Home > Science > The Covert Academy > Page 9
The Covert Academy Page 9

by Peter Laurent


  ‘You know where he is?’ Sarah sounded doubtful.

  ‘Yeah. He’s in the Colonnade.’

  Sarah stopped asking questions after that. She probably thought Joshua was out of his mind.

  They reached the hangar and quickly found “Nicky”. She was one of only three of the orbital ships the Academy kept running. The other two had mechanics swarming all over them, even at this hour. They had seen some action in Europe, after running into a swarm of drones last week while investigating a possible Confederate leader sighting. It might be weeks before they were refitted for flight in sub-orbit. With only one active ship, the Academy would be hard pressed to chase after Joshua. Assuming he could convince Richard to help.

  They passed under a catwalk the mechanics could use to quickly reach the top of the ships, and found Richard under Nicky’s port wing. He was adjusting a heat panel with the exact precision of an expert, when he saw them and immediately perked up.

  ‘Right lads, where are we off to?’ he said, putting away his tools.

  Joshua glanced at Sarah. ‘Got him on our side easier than I expected.’

  Dr. Prewett appeared at the foot of the ship’s boarding ramp. He stumbled forward a few steps as if shoved from behind, letting out a small whimper. Ryan appeared out of the shadows, a strange looking Stunner rifle trained on the doctor.

  ‘But I won’t be,’ he said, and shifted his aim over to Joshua.

  He fired.

  Chapter 16

  Sarah leaped at Ryan, but she was tired, and her reactions were slow. She collided with the beam of energy that arced towards Joshua, and collapsed in a heap. Ryan’s gun fired a second shot almost instantly, singeing the ground at Joshua’s feet.

  ‘What the hell are you doing?’ Richard stood rooted to the spot; unable to believe Ryan was capable of such an act.

  Sarah had her full jumpsuit on, but the Stunner had cut her down like butter. The weapon looked different, not simply a re-tuned one for their exercises on the island. Sarah let out an intense groan of pain. Joshua thought fast. Normal Stunners merely locked up the target’s muscles, it was supposed to feel relatively pain-free, like a particularly bad shock of static electricity.

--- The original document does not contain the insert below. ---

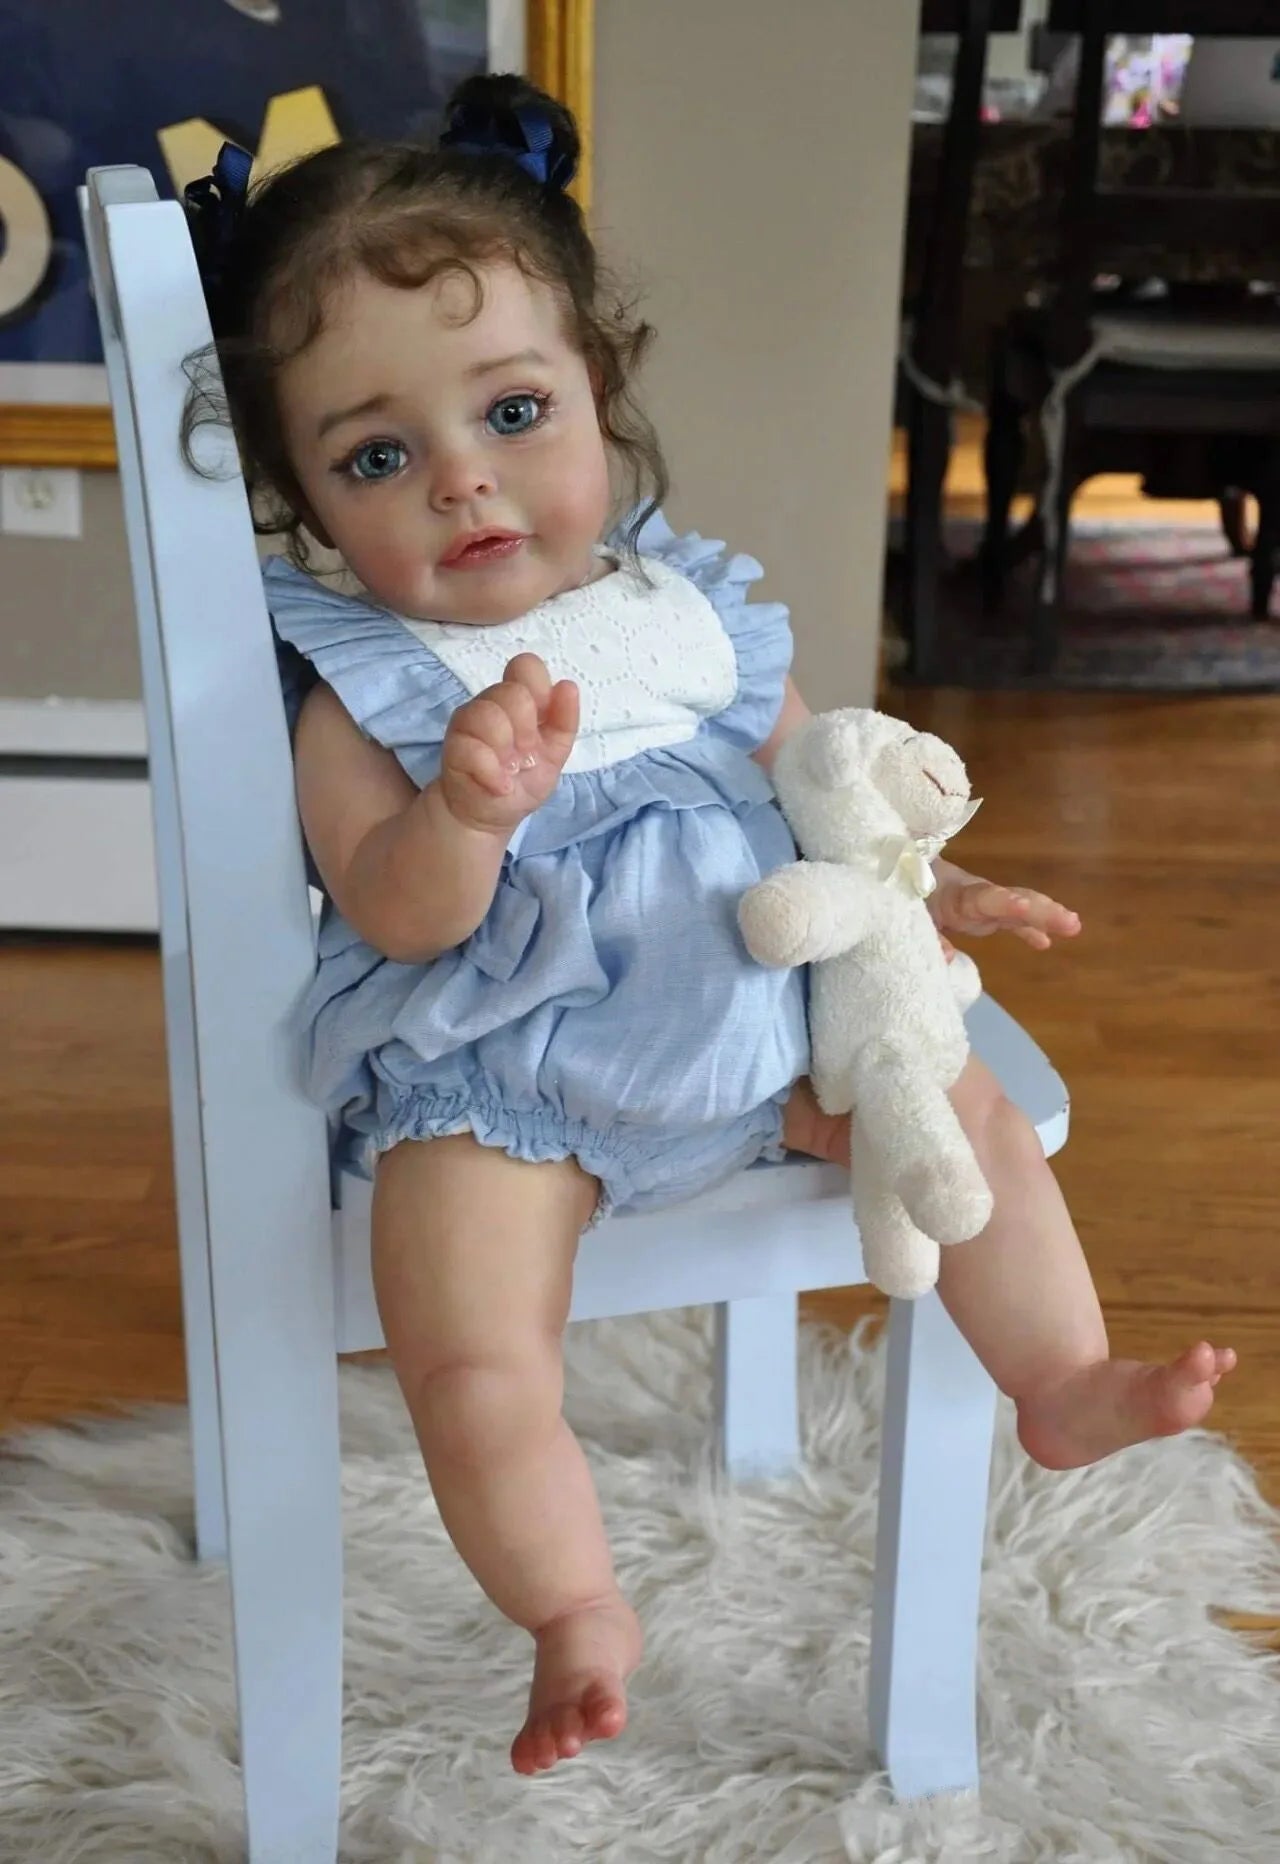 Large Baby Reborn Toddler Doll - 60cm Huge Size with High-Quality Painting - ToylandEU

  This was something new. Something not used by the Academy. In fact he hadn’t seen the Confederacy use anything like this either-

  Ryan fired again. His gun spat out another double burst.

  Joshua dived low, into the shadow of the catwalk behind them. Once concealed, he sprang back up and clung to the underside of the walkway, the sudden change in direction an attempt to confuse and distract.

  Richard considered drawing his pistol, but Ryan was swinging his aim over him. He opted to antagonise Ryan instead.

  ‘Come off it mate, you’re no match for Joshua,’ he said. Ryan flicked his weapon towards him in warning. Before Richard could draw his six-shooter, Ryan reached an arm to Richard’s waist and disarmed him. Then he stomped off, Dr. Prewett in tow, searching for Joshua with the strange Stunner and Richard’s revolver.

  ‘Move a muscle and you’re dead,’ Ryan growled.

  Joshua scuttled along the catwalk, putting some distance between himself and the last place Ryan had seen him.

  He wants Richard to fly him out of here, Joshua thought. That’s why he’s not dead yet. But why kidnap the doctor? He tried to push aside the thought of what would have happened to Sarah if she hadn’t been wearing her suit.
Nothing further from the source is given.